Il Giappone, invece, ricomincia a correre e si ribella al destino già scritto. Con le residue forze ricuce il gioco, recupera e riparte, punta l’area avversaria e riprende a martellare. I brasiliani si scaldano ed anche chi vi scrive si unisce al coro, iniziando senza remore a tifare forsennatamente per i nipponici. Su punizione di Endo, Okazaki salta più in alto del metrosexual Montolivo e buca il pensionato “montiano”. 3-3. Meritato premio, per questa squadra “scandalosamente” monoetnica a cui però Zaccheroni decide di aggiungere un improvviso tocco Europe: al 34′ del secondo tempo esce Maeda ed entra il centravanti Mike Havenaar, padre olandese e madre nipponica. Così commenta, sarcastico, il telecronista Rai Stefano Bizzotto:“Havenaar di giapponese ha molto poco”. Balotelli, di italiano, non ha invece assolutamente nulla, ma questo non si può dire: è fascismo, razzismo, intolleranza da trogloditi. Ce lo spiega bene l’altro commentatore, Beppe Dossena, che tira in ballo il Nostro ogni secondo. Lo incensa anche se respira. “Bene Mario”, “Ma che bravo Mario”, “Vediamo dove si è messo Mario” (su calcio d’angolo avversario!).

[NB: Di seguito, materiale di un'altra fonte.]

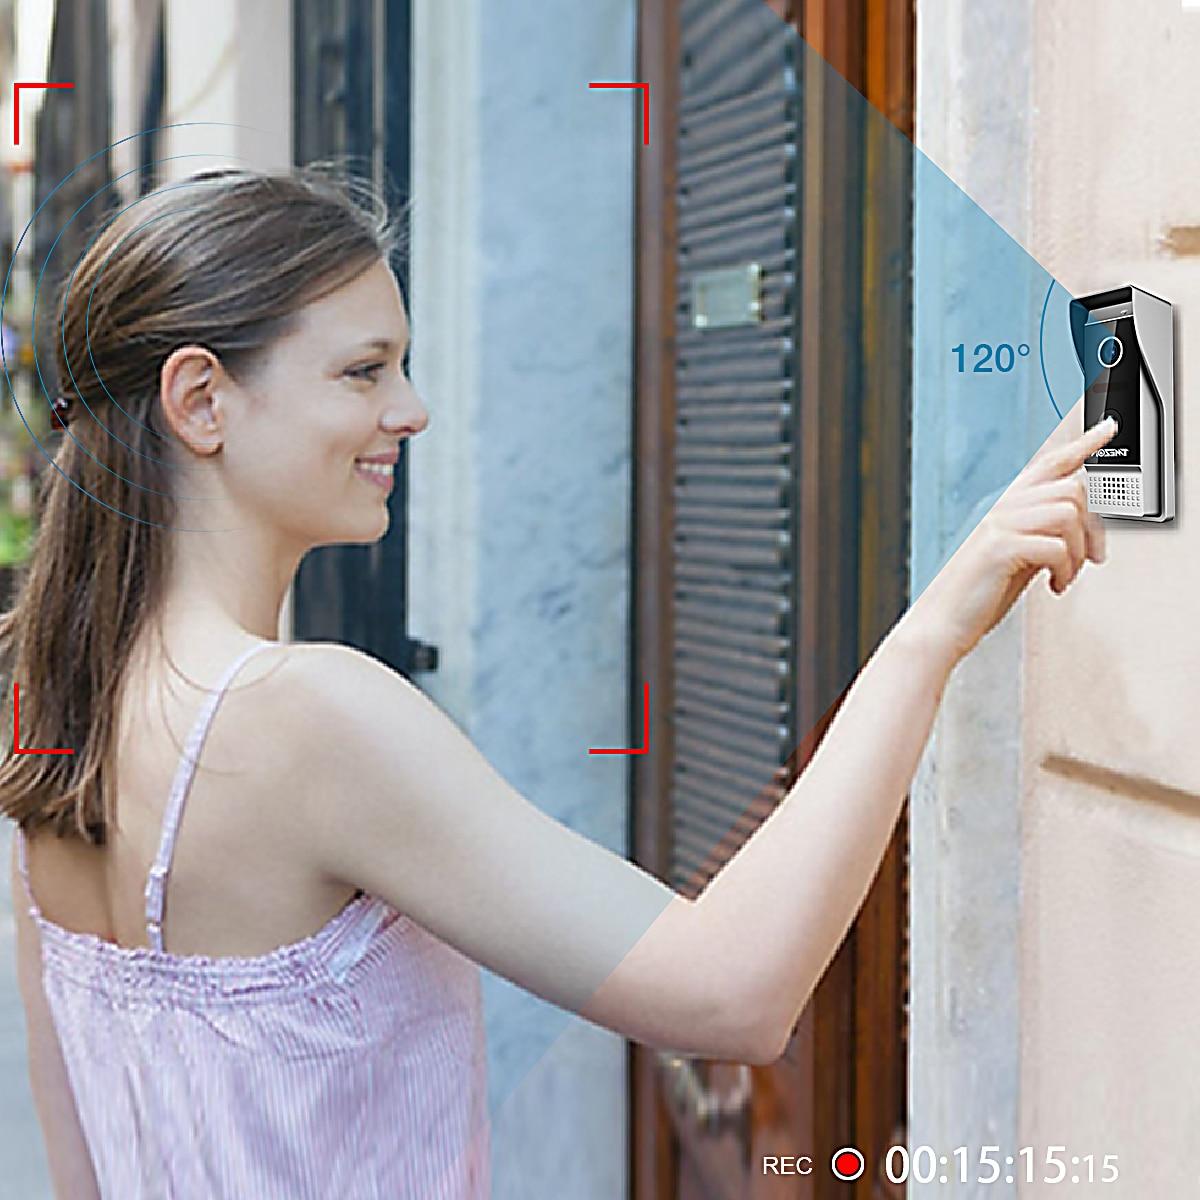 TMEZON 7 Inch 1080P TFT Wired Video Intercom System with1080p Waterproof Door Phone Camera,Support Recording / Snapshot Doorbell enlarge

In questa brodaglia nauseabonda di buonismo, considerazioni sinistrate e sostegno per contratto ad una nazionale di viziati incapaci, non si riesce a trovare una buona ragione per non sostenere il Giappone. E la sorte fornisce subito un ulteriore motivo per moltiplicare lo scoramento: a quattro minuti dalla fine Marchisio regala l’assist vittoria all’altro metrosexual, il nano Giovinco, che sigla il sorpasso definitivo. 4-3 per l’Italia e buonanotte.

I giapponesi non ci credono. Alzano gli occhi al cielo, bestemmiano, imprecano. Gli italiani invece si sfregano le mani e gongolano. “Siamo una squadra che sa soffrire” constata, raggiante, il ct Prandelli, quello del codice etico che tante vittime ad hoc ha mietuto, ad iniziare da Cassano per le sue frasi sui gay. Inevitabile, d’altronde. La squadra azzurra è una specie di superspot ambulante della società multietnica, tollerante, aperta al futuro. “Scrivete pure quello che volete ma alla Confederations Cup tifate un’altra nazione. Ve lo dico con il cuore”, ha recentemente scritto Balotelli in un tweet, rispondendo alle critiche dei tifosi. Consiglio pertinente. Ieri sera, ne avevamo trovata una niente male.